Для Хонигбергера древние развалины Афганистана отчетливо пахли деньгами. Летом Массон наблюдал, как тот проникает в развалины, вооружившись киркой и разыскивая ценности. «Жаль, что не я открыл их первым, – писал он с грустью. – Я пытаюсь раздобыть денег в Кабуле, и это мне по силам, но при виде таких огромных утрат я умолкаю»[313]
. Хонигбергер хвалился перед Массоном своими находками, хвастая «превосходной золотой медалью», отрытой им под Кабулом. Он радостно сообщил Массону, что «несведущ в древней истории», не представляет, что именно открыл, но сознает, что это «нечто весьма ценное»[314].(Методы раскопок самого Массона, конечно, привели бы в ужас любого современного археолога. Работа с одной лишь киркой и надеждой давно уступила место радару и пинцету. Но по сравнению со многими археологами XIX века он был педантом. Даже спустя десятилетия Генрих Шлиман, раскапывая древнюю Трою, использовал динамит.)
В надежде отвлечь Хонигбергера Массон предложил ему вместе выехать из Кабула и провести несколько дней на природе. «У нас разные цели, – писал Массон, – доктор интересуется естественной историей, я – древностями и географией страны»[315]
. Хонигбергер приехал на муле, взяв с собой секретаря «на дикой пенджабской лошадке»[316] и несколько больших пустых коробов. «Он срывал все растения, которые видел, и клал их между страницами толстой черной книги. Массон в ужасе наблюдал за его быстрыми безжалостными пальцами, липкими от сока»[317].Осенью в Кабул приехали еще двое путешественников. Доктор Джеймс Джерард и Мохан Лал проезжали через город еще в 1832 году вместе с Александром Бёрнсом, «вторым Александром»[318]
. Теперь они возвращались в Индию. Джерард был увлечен древней историей Афганистана не меньше Массона. Робкий, потрепанный рассказчик произвел на него впечатление. «Массон живет неприкаянной, полной превратностей жизнью, – писал он. – Оговорюсь, что как путешественник я расположен к мистеру Массону… но он обладает и необычными достоинствами»[319].Его дальнейшие изыскания, с которыми я отчасти ознакомлен, свидетельствуют о редкостном уме и находчивости… Среди его недавних открытий есть афганские древности, в том числе из Бамиана и Баграма: они вызывают большой интерес: Бамиан известен идолами-гигантами, о которых мы знаем только то, что они существуют.

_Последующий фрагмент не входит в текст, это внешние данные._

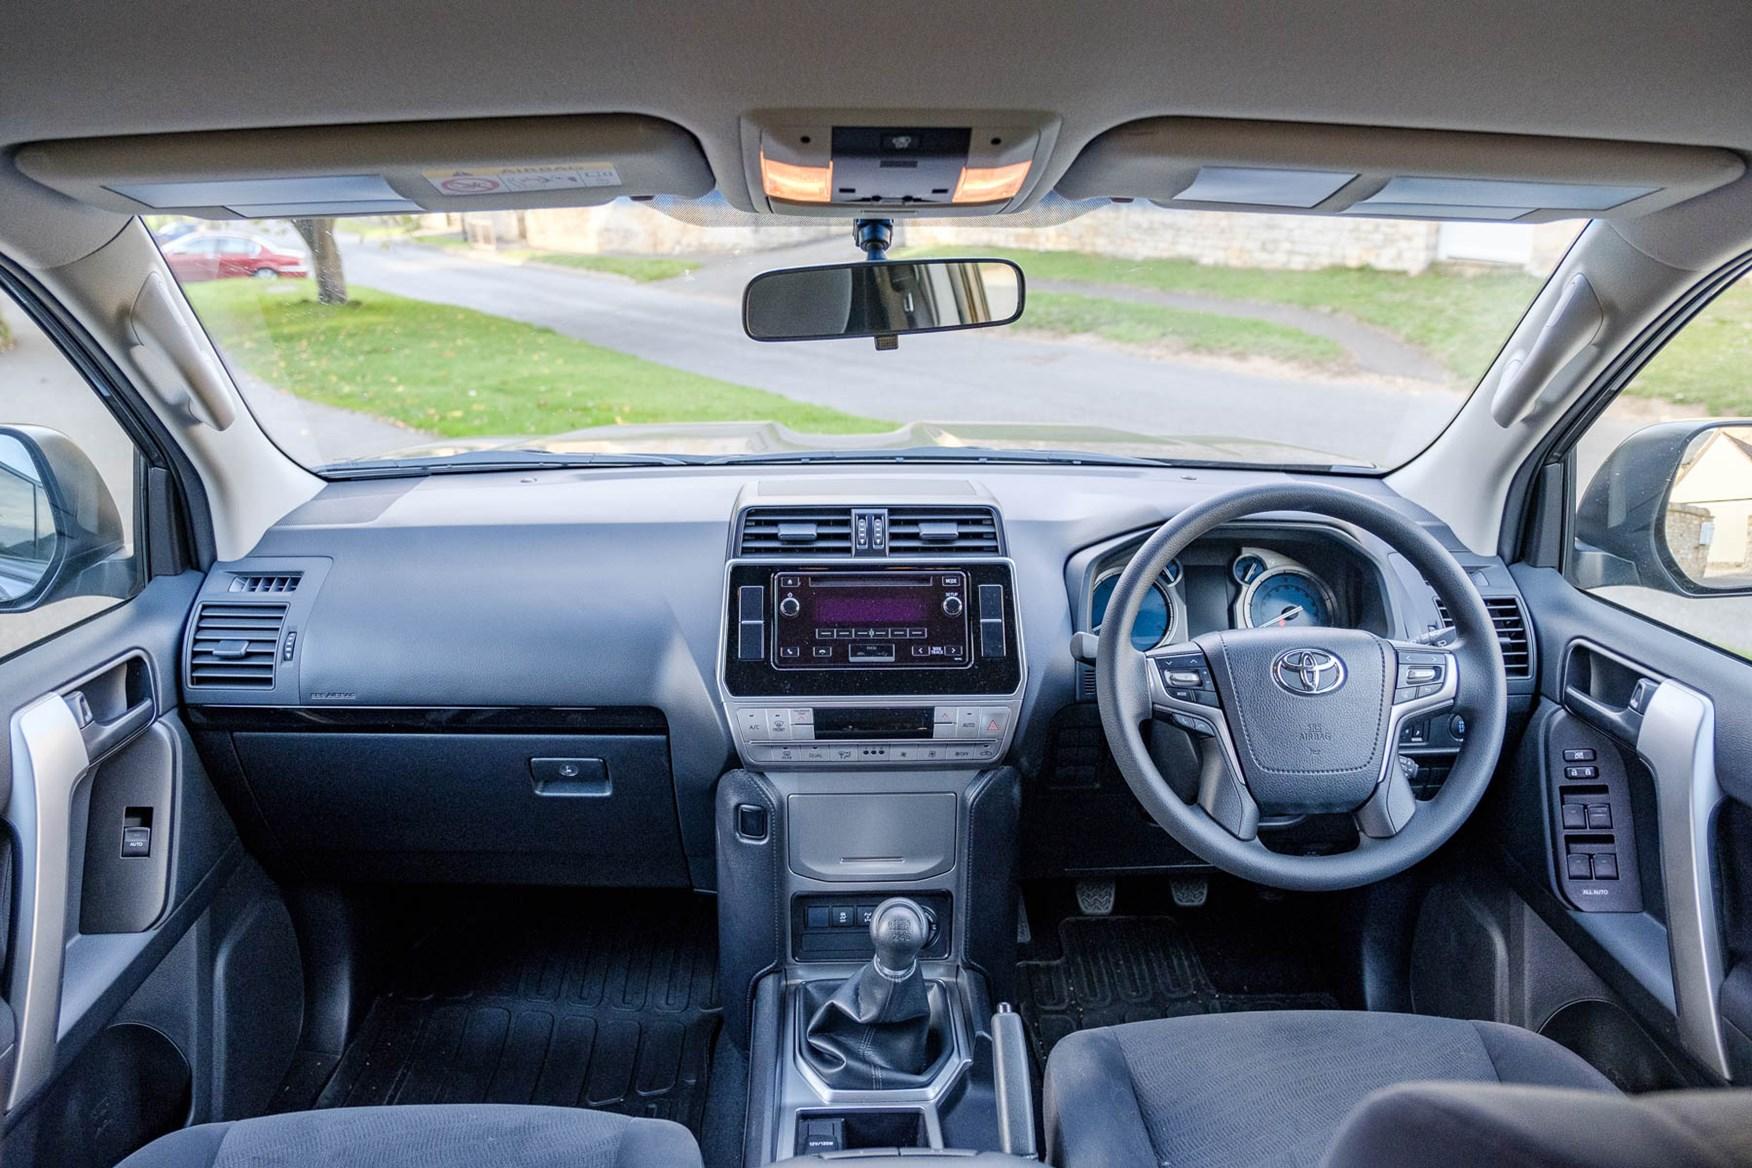 Toyota Land Cruiser Utility dashboard

Мистер Массон, поднимаясь в горы, нашел много изображений, легенд и надписей. Баграм – это, вероятно, то место, где стояла Александрия… Высокообразованный и располагающий необычайно обширным кругом знакомств, он обращает внимание на все, что его окружает[320]
.Одержимость Массона и его готовность ежедневно ставить на карту для достижения свой цели все, что у него было, – незаурядные свойства, пьяняще действовавшие на всех, кто имел с ним дело. Джерард признавался, что никогда еще не встречал человека, настолько искрящегося жизнью.
За закрытыми дверями Кабула кипела жизнь. Еще Бабур называл этот город «лучшим местом мира для пития вина»[321]
. Дост-Мохаммед много лет тайно спаивал своих придворных, но потом «отказался от вина; теперь под страхом суровых кар за ослушание он приказывает своим придворным проявлять такую же умеренность»[322]. Этот запрет был не более успешным, чем обычно свойственно запретам: «Всего за одну рупию по-прежнему можно купить сорок бутылок вина или десять бутылок бренди»[323]. Харлан, проживая в Кабуле, однажды участвовал в одной особенно бурной попойке, на которой главный музыкант напился и, не выбирая спьяну выражений, честил набоба (Джабар-Хана). Но его высочество только с непритворной снисходительностью от души расхохотался. Мулла, злоупотребив крепким бренди, упал на колени и не сумел подняться. Но что бы ни происходило, афганцы друг другу доверяли и никогда не распространялись об этих запретных возлияниях перед теми в общине, кто оставался суров и воздержан»[324]. Массон относился к городским вечеринкам с восторженностью.Годами Массон жил одним днем, здесь и сейчас. Только теперь он начал задумываться о будущем.